The transformation of the 177 semantically significant Metathesaurus relationships and the 53 associative Semantic Network relationships into their signatures resulted in the distribution shown in Figure 8. The majority of the 177 Metathesaurus relationships have up to four signatures, while the Semantic Network relationships have on average 5 signatures. Additionally, however, as many as 13 Metathesaurus relationships have 20 or more signatures. Examples of these latter are component_of, measures, interprets, and related_to. One Metathesaurus relationship, associated_with, has 91 signatures. One top-level Semantic Network relationship, functionally_related_to, has 140 signatures. This can be explained by the fact that this relationship subsumes many other relationships, and its signatures result from computing the union of the signatures of the relationships that it subsumes.

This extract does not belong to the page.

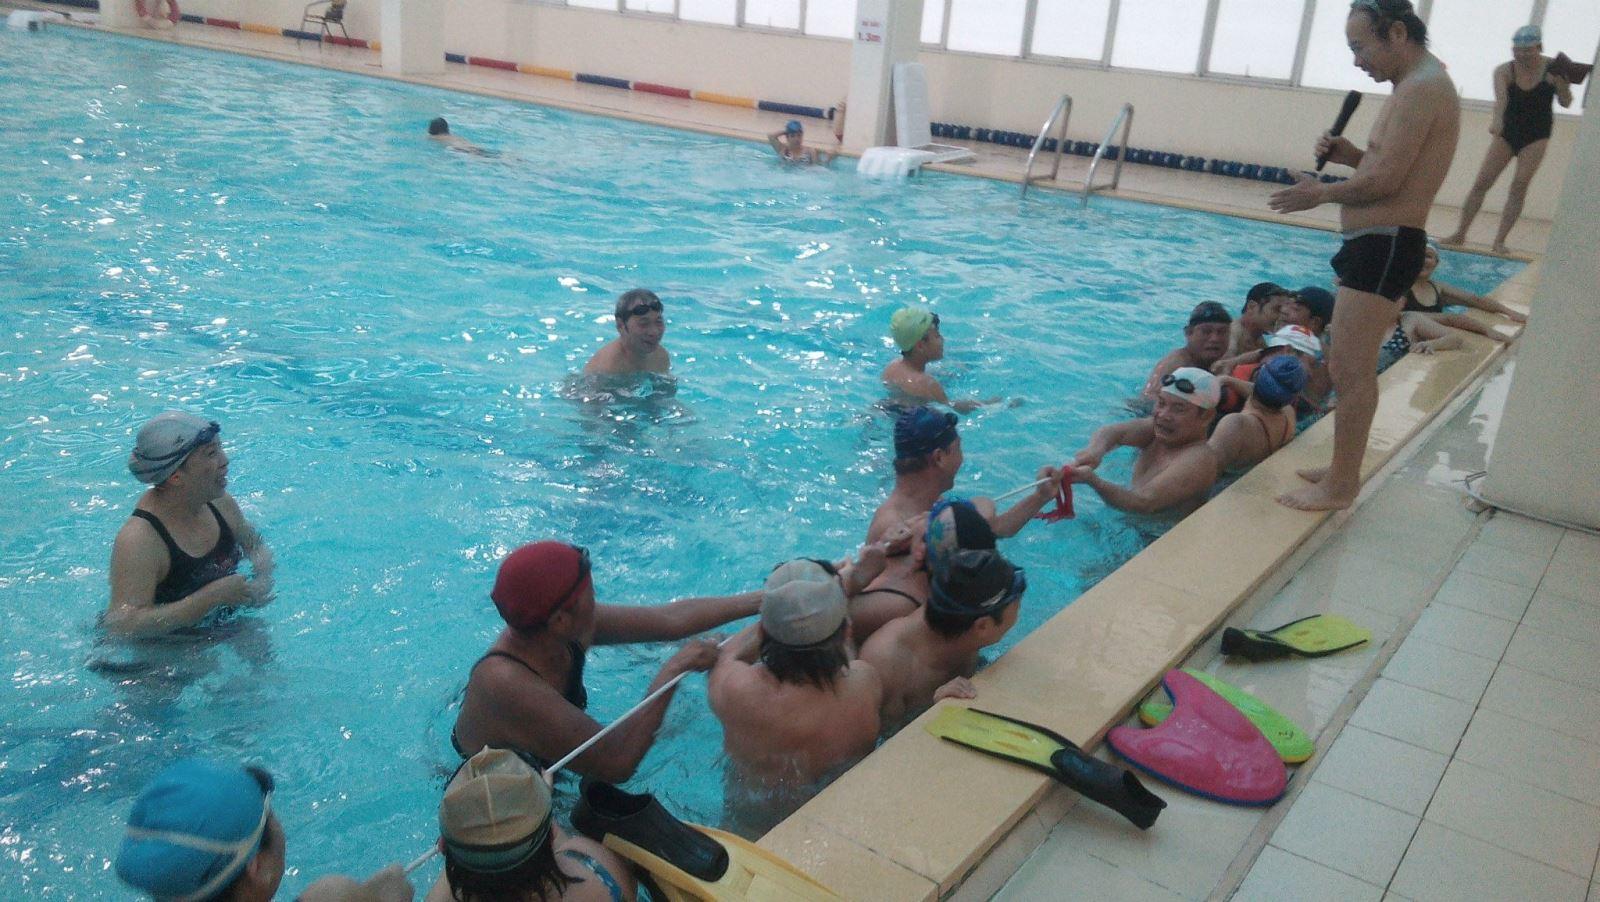 Giấy phép hoạt động xây dựng bể bơi kinh doanh
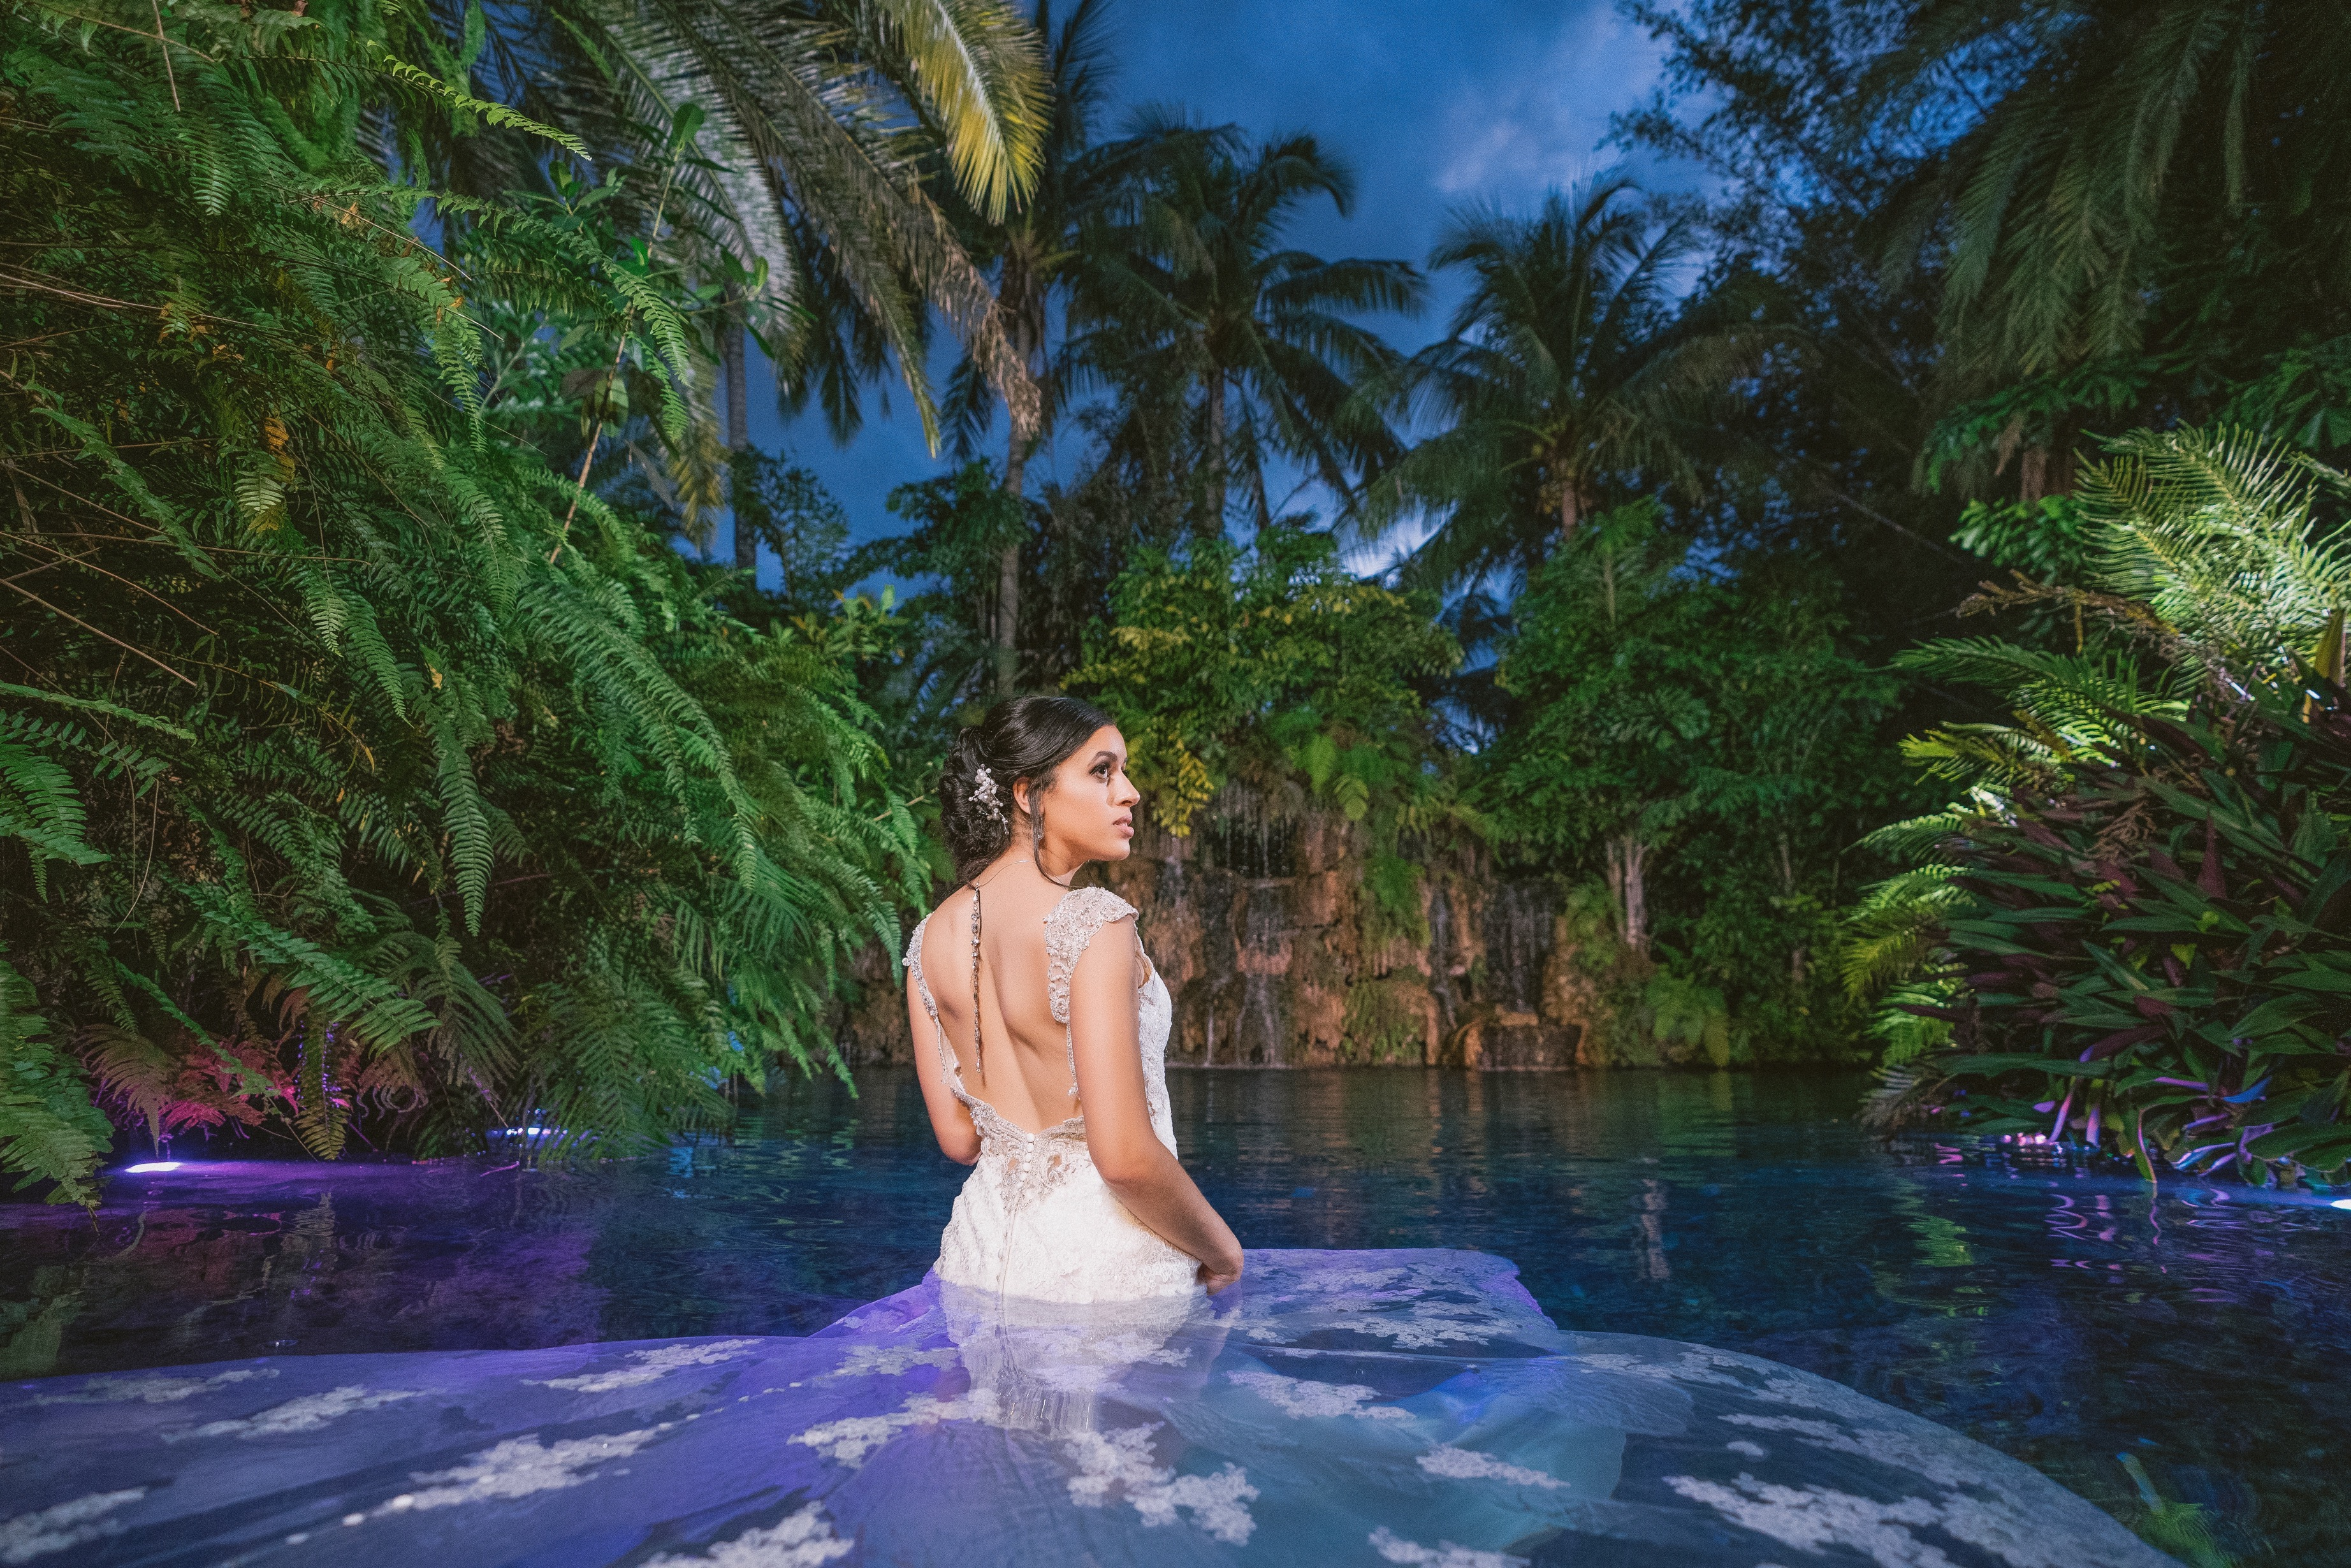 bride inside the water in dress

We evaluated the mapping of Metathesaurus relationships to Semantic Network relationships by comparing their semantic signatures. We investigated overall consistency in a variety of ways, including overall degree of consistency, degree of consistency according to high-level Semantic Network categories mapped to, according to the dominant signature of a Metathesaurus relationship, and, finally, according to the number of sources that contributed a particular Metathesaurus relationship.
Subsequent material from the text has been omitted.